Try programming RCA SAT code 00392 & RCA VCR 20060 to the av1 & av2 devices And see what pressing the middle power keys do to your TV input settings.


----------



## Jhon69 (Mar 28, 2006)

chiathomas said:


> yes I understand what you are saying but, I bought this tv new and I know every setting on it. I know it is set to auto tune to correct tv input which is set for VID1. The same setting that worked for 2 yrs with the Phillips DVR. When I go to menu it shows Auto tune=VID1 Set tv input= VID1 Connection= UFH/SAT When I turn the tv off then back on it goes to VID1 like it should BUT when I turn off the DVR+TV then it goes to channel 2. The only setting I know nothing about is the channel guide and that would not have anything to do with this problem would it? Have you ever heard of this problem? RCA and directv are no help


As a last resort I would contact a local TV repairman tell him your problem.See if the TV repairman can correct you problem see they can access menu's that you cannot and the CSR's don't know about them either!.Good Luck!
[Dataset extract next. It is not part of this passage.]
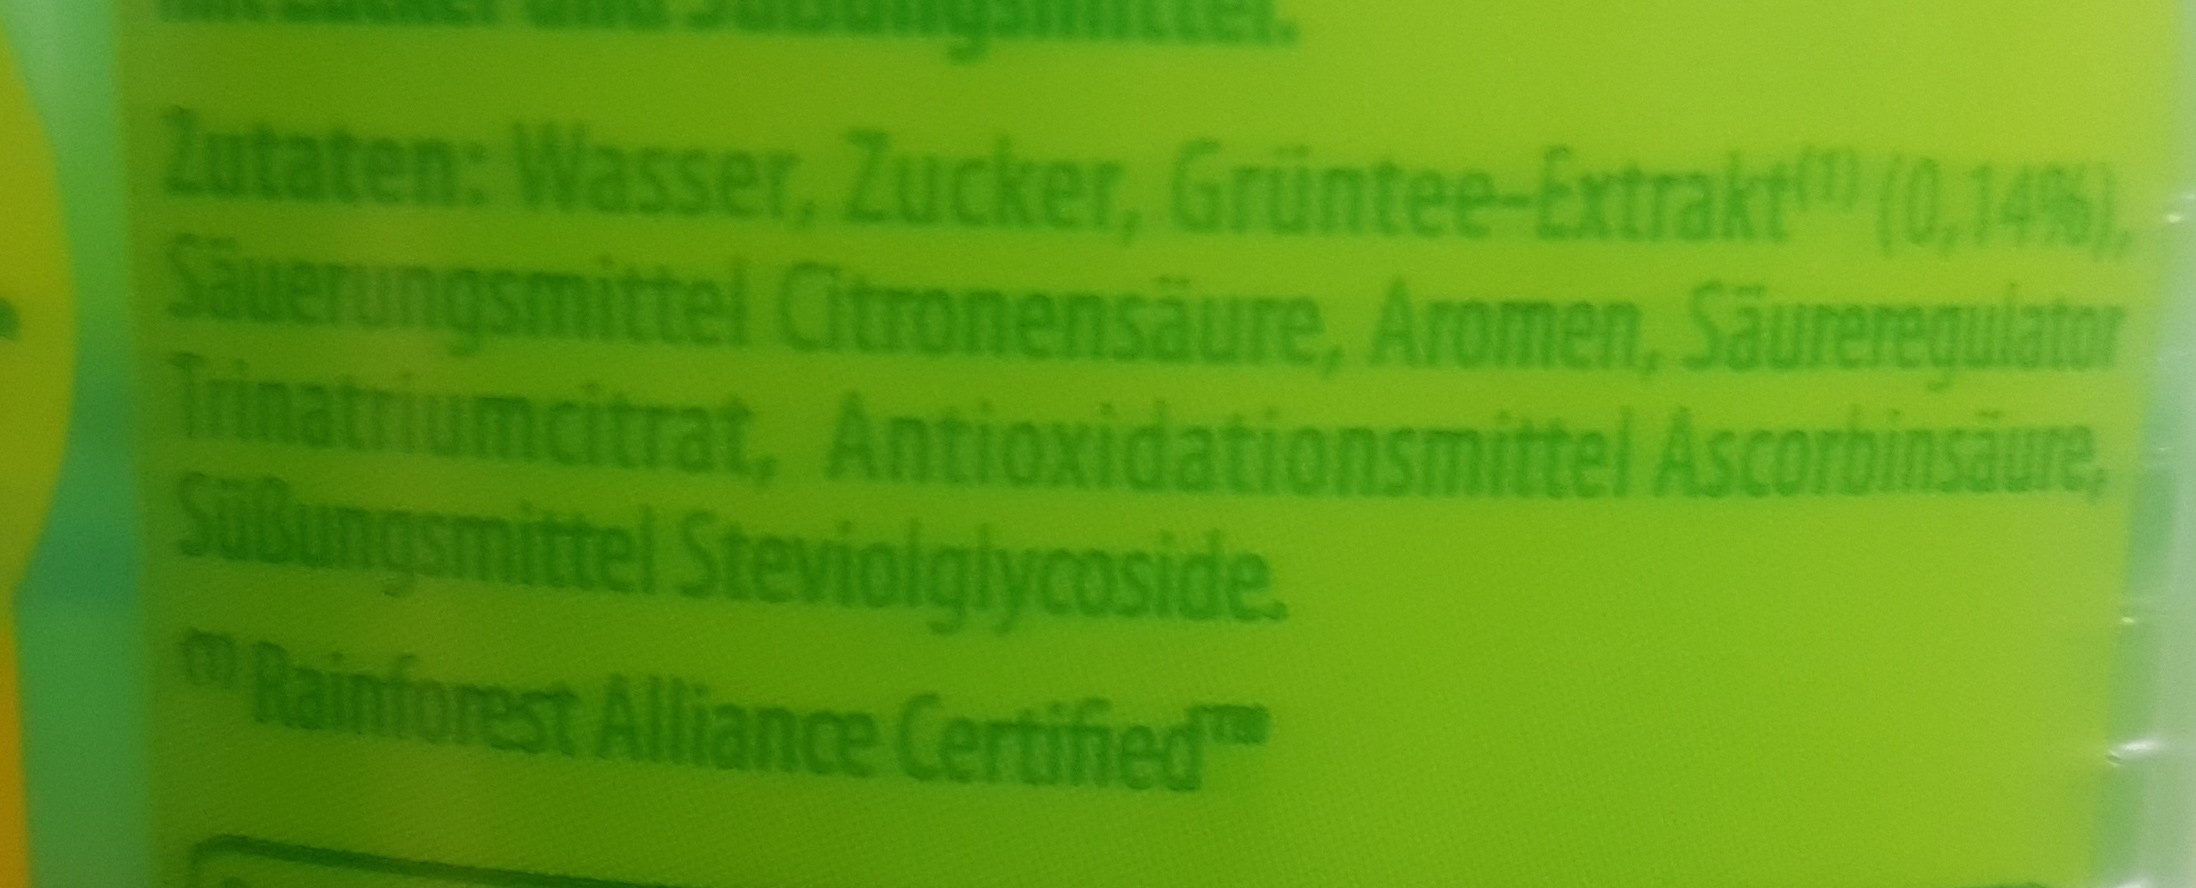 Lipton Green Ice Tea Lime - Ingredients - en
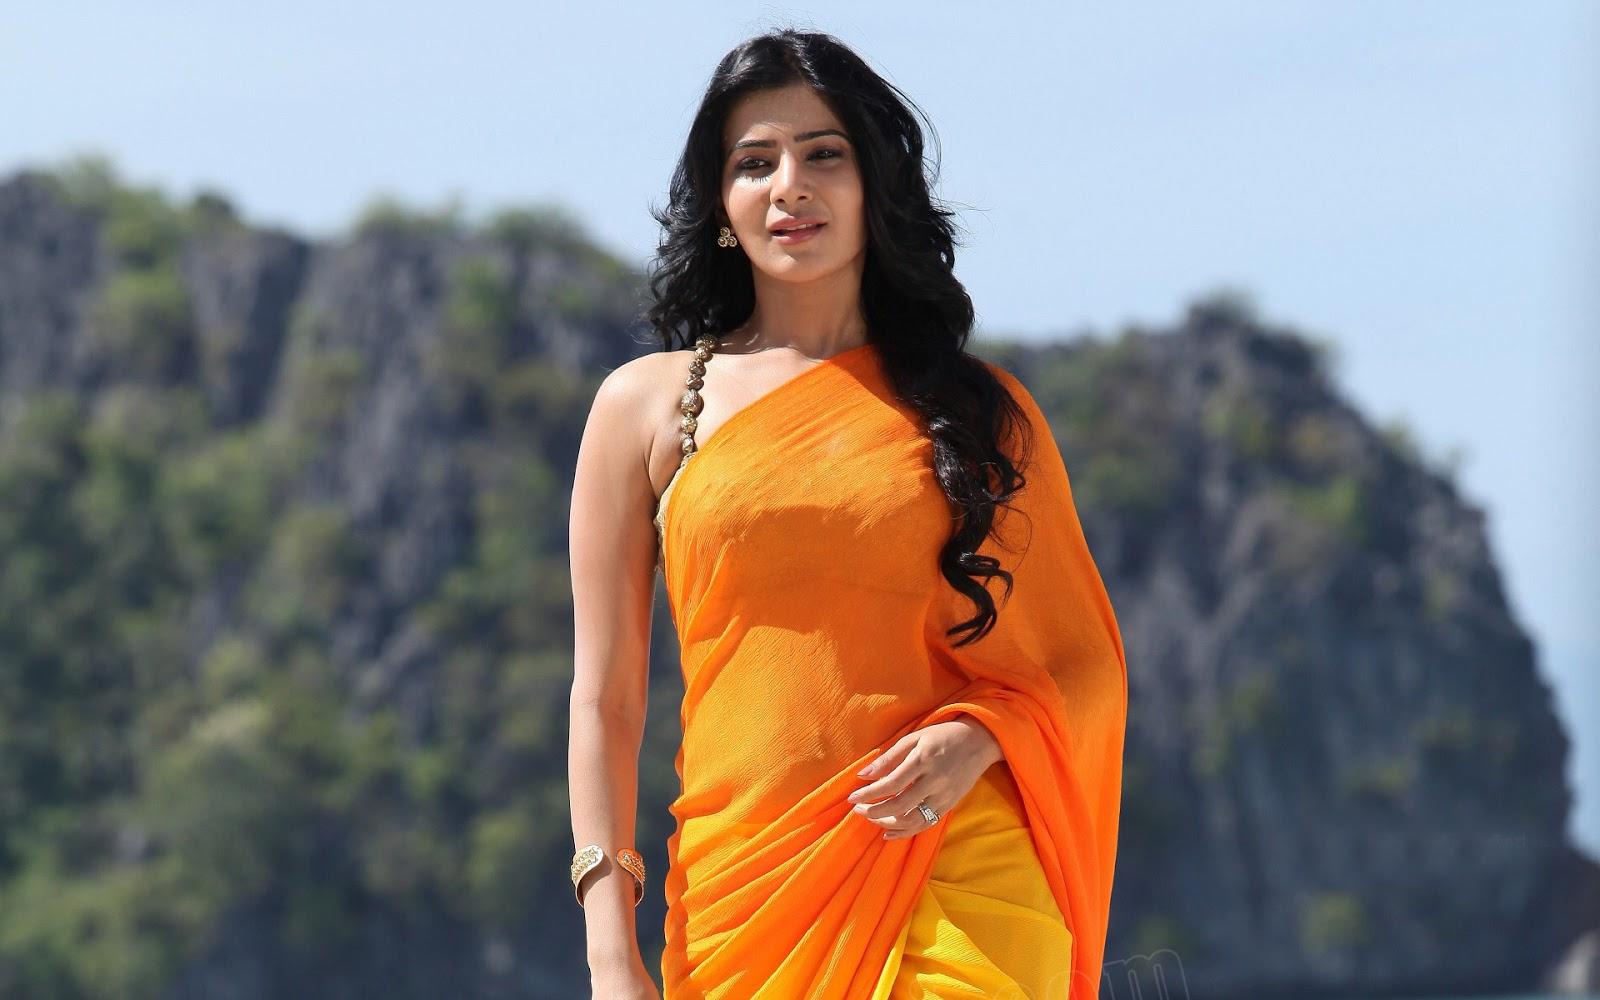 Bollywood actress images and hd wallpapers samantha ruth - South indian actress wallpaper ...

P.S. Make sure he's an authorized RCA TV repairman.


----------



## samrs (May 30, 2004)

chiathomas said:


> yes I understand what you are saying but, I bought this tv new and I know every setting on it. I know it is set to auto tune to correct tv input which is set for VID1. The same setting that worked for 2 yrs with the Phillips DVR. When I go to menu it shows Auto tune=VID1 Set tv input= VID1 Connection= UFH/SAT When I turn the tv off then back on it goes to VID1 like it should BUT when I turn off the DVR+TV then it goes to channel 2. The only setting I know nothing about is the channel guide and that would not have anything to do with this problem would it? Have you ever heard of this problem? RCA and directv are no help


What happens if you turn auto tune off ?


----------



## Motley (Sep 23, 2004)

I also have an RCA tv that does this but it's with my HR21. When I turn it on it puts the tv into the OTA mode and on channel 2. I then have to hit the tv input button on the remote to switch it to the DVI input. It's annoying and have not found a solution to it.


----------



## chiathomas (May 26, 2008)

When I turn auto tuning off it changes nothing. I want to make it clear that I do not have channel guide plus or anything that shows programs- what this does is show a list of tv channel numbers. If I am watching a satellite program it shows VID1 in the list, but changes to channel 2 when turned off and back on. According to RCA they know nothing about this feature. Motley, how do you timer record anything if it does not go to correct input? Also I am so glad you know what I am talking about[ not glad you have this problem]. After talking with service center I was told it could be costly because it be would trial error sort of thing, Also might be in the shop a month and might not be fixed. If you find a fix please let me know! Thanks everyone. Remote will not accept the code you gave Edmund.


----------



## samrs (May 30, 2004)

RCA Televisions can be a PITA, it is your tv and not your R16 that is changing channels.

When you say timer record are you refering to a vcr ?


----------



## Edmund (Apr 17, 2003)

chiathomas said:


> Remote will not accept the code you gave Edmund.


sure the rc64 will, like so:

1. av1 
2. press and hold MUTE & SELECT for two blinks
3. enter 0 0 3 9 2

and

1. av2
2. press and hold MUTE & SELECT for two blinks
3. enter 2 0 0 6 0

now try the middle power keys in the AV1 or AV2 device while the tv is on.


----------



## chiathomas (May 26, 2008)

OK I retried the codes and on AV1 hitting power button turns the tv back on AV1 but, when I switch button back to Directv and turn it off and on goes back to channel 2. So would I have to switch button to AV1 hit power button then switch back to DT because power button does not turn off DT? I really do not mean to be dense so bear with me. Edmund, I mean record from the DVR.


----------



## Edmund (Apr 17, 2003)

No, you just have to live with it sending the tv to tuner, then pressing the TV INPUT key and switch back to the proper tv input. If you haven't programmed the TV input key do it now:

1. tv
2. press and hold MUTE & SELECT for two blinks
3. enter 9 6 0


You could try these other RCA TV codes:

11447, 11547, 11247, 11147, 11047,

Maybe one won't map the discrete power ON command to the TV ON key, instead map the power toggle command. Which what the tivo remote used. It is whats mapped to middle power key in the tv device with the code you use now.


----------